Which is more important: the instructions or the stories?

(For those who skipped the previous section, I’ll summarize it. I demonstrated that the way I cook pasta, which seemed so simple in the first few paragraphs of this essay, actually rests on a complex tangle of idiosyncratic experiences. If you had read the section, this realization would have dawned upon you slowly, as the flavor of a delicate sauce blooms on a receptive palate. But noooo, you just had to cram the whole essay down your throat, didn’t you. People today.)

Cooking pasta is a silly example, of course, but I wrote about it to illustrate a point that is actually quite serious.

People write and read instructions about many weighty, important things, like screening patients for diseases, troubleshooting equipment, handling security violations, installing monitoring systems, and so on. You might argue that instructions written by experienced experts are not likely to be riddled with hidden stories, but I think it would be dangerously optimistic to think that.

I am considered by some to be an expert in the field of story work, and I can definitely tell you that the stories hidden behind my instructions on how to do story work are just as abundant, and just as idiosyncratic, as those behind my instructions on how to cook pasta. In fact, my book (Working with Stories) has been described as “half memoir, half textbook.” I wrote it that way on purpose, because at least three people independently suggested that I add more stories to the first edition when I revised it. But I still included only a fraction of the stories I could have told.

So let’s say you agree with me that every set of instructions is full of hidden stories. I would like to ask you a question. Might it, sometimes, be more informative to read the stories behind the instructions than it is to read the instructions themselves?

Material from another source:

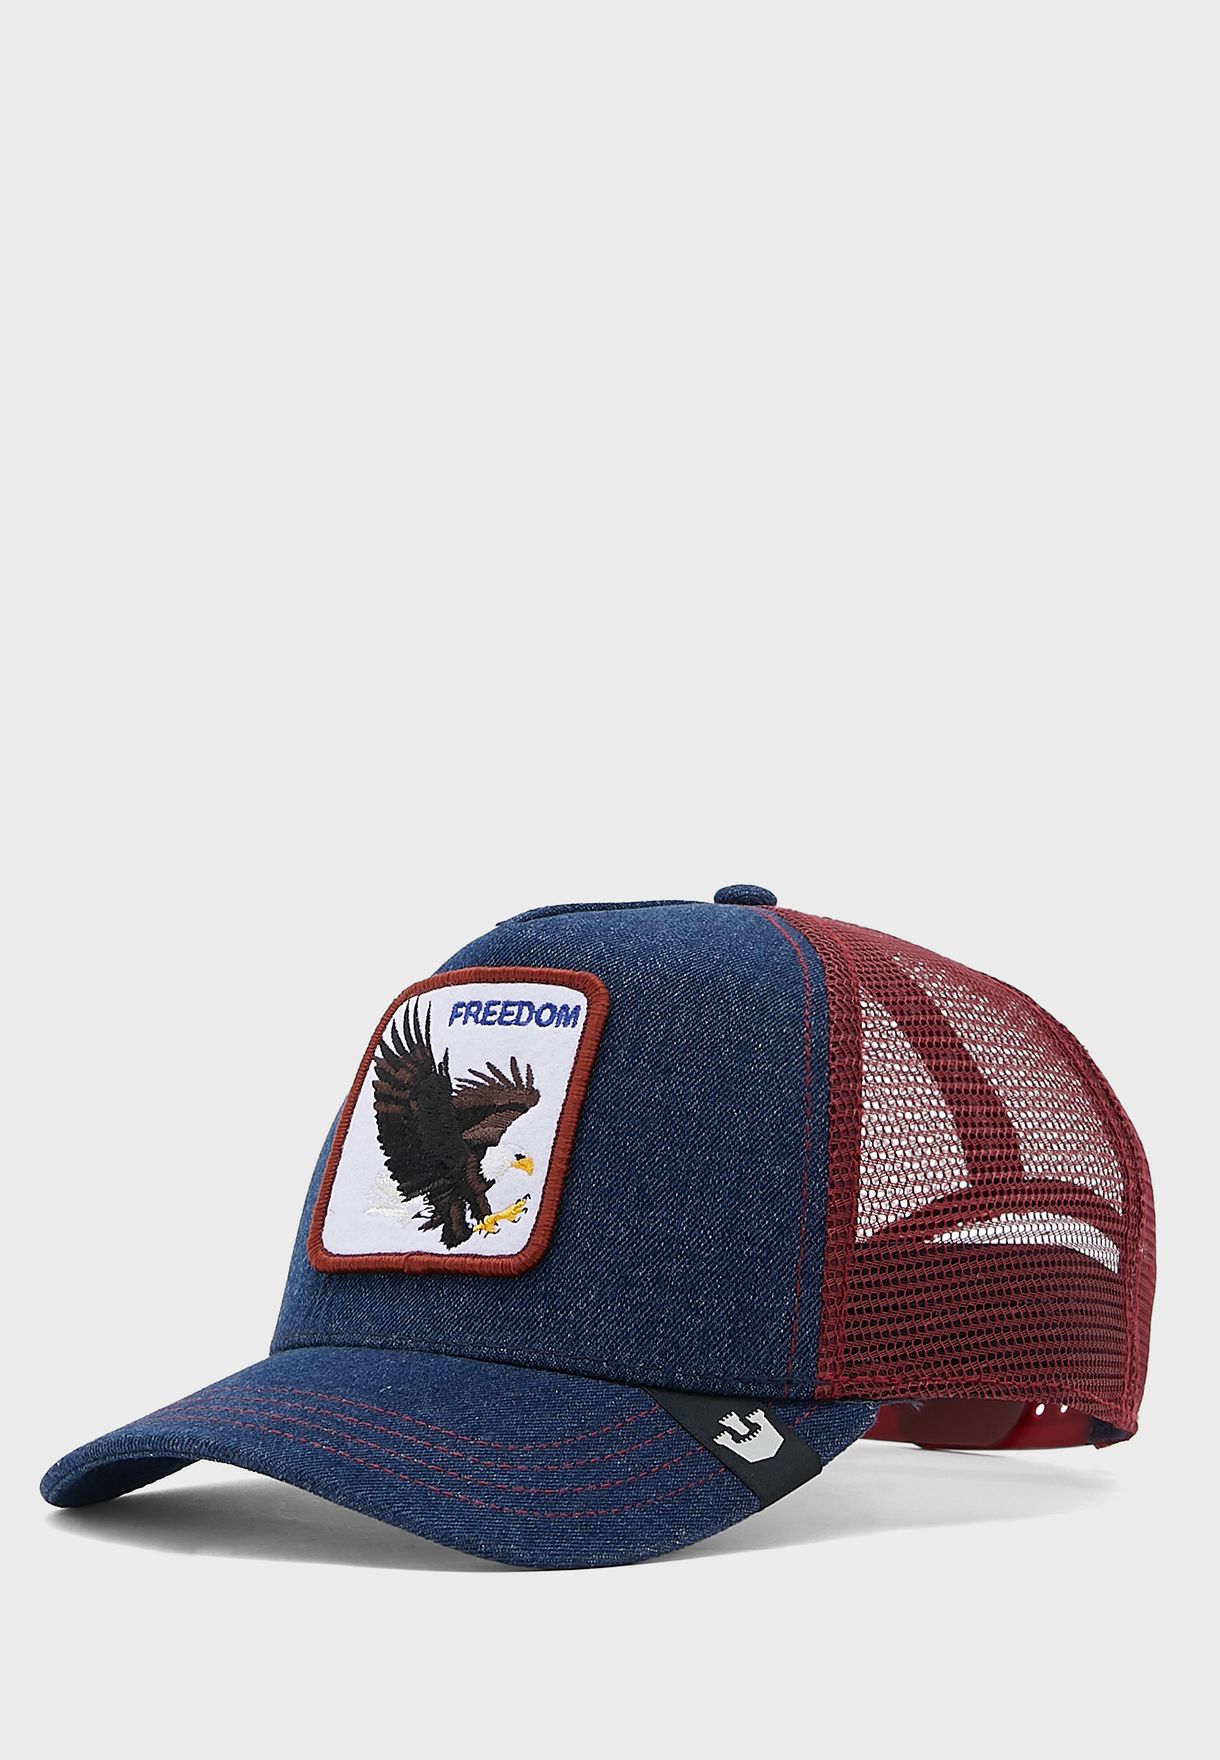 The Freedom Eagle Trucker Cap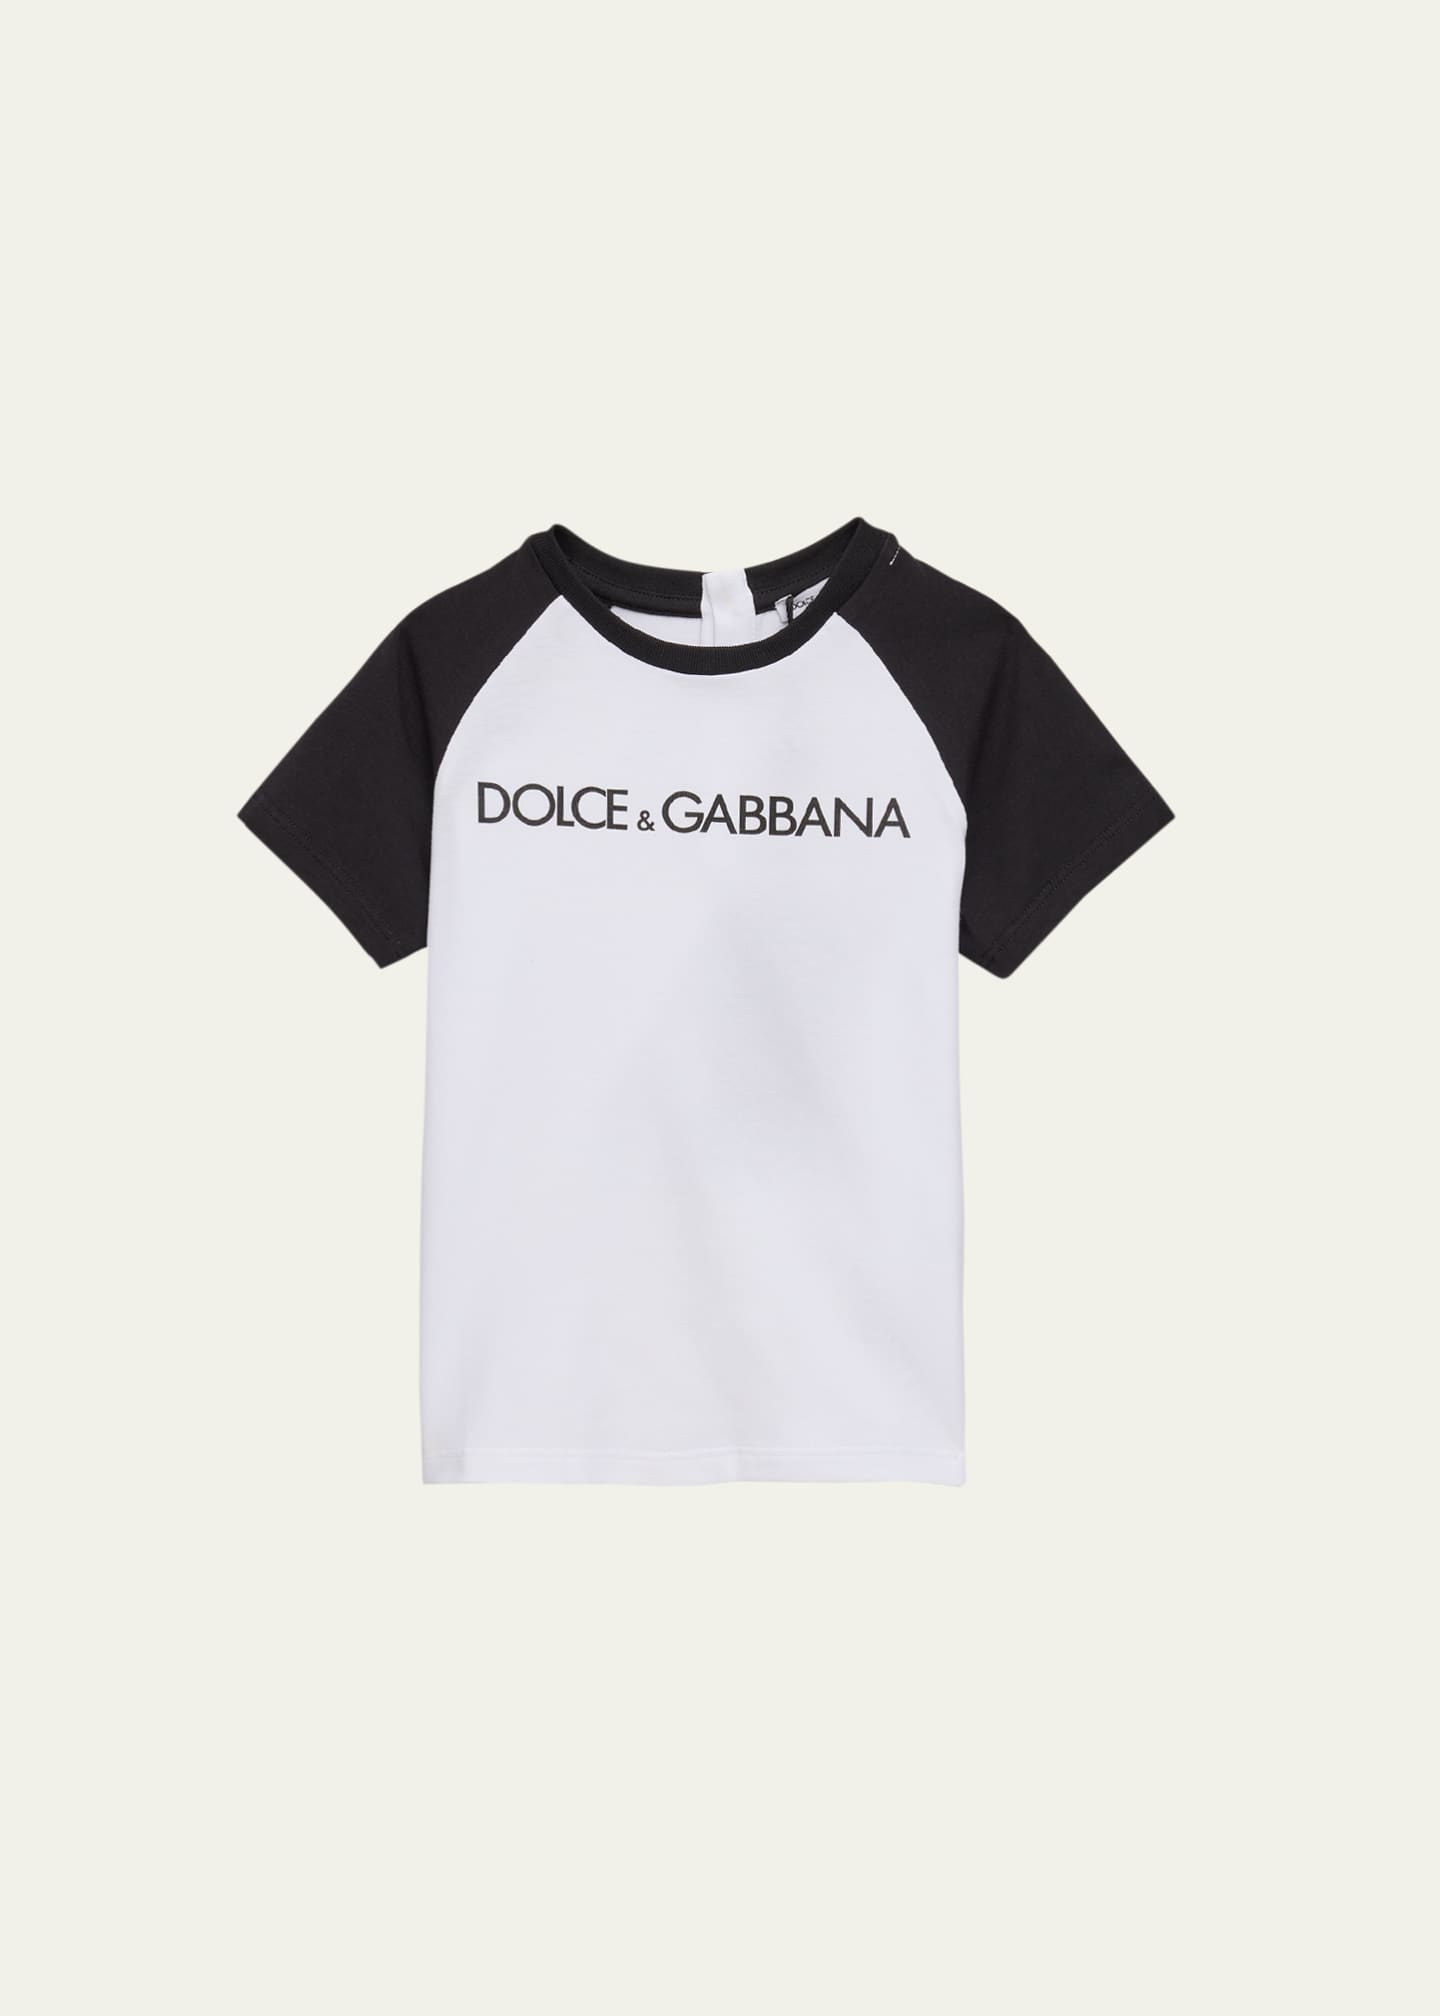 Dolce&Gabbana Kid's Logo-Print Baseball T-Shirt, Size 12M-30M

I think it might.

When we read instructions, we learn what to do. But when we can read the stories behind the instructions, we can gain knowledge of the contexts in which advice has been derived from experience, and we can evaluate the instructions in order to make decisions about our own actions. We can learn why to do things, and why not. We can juxtapose the contexts in which the instructor has had experiences and the contexts we face. Bringing out the stories can transform instruction into understanding. In fact, I would argue that the more critical a set of instructions, the more important it is to find the stories hidden in the instructions and bring them out for people to use.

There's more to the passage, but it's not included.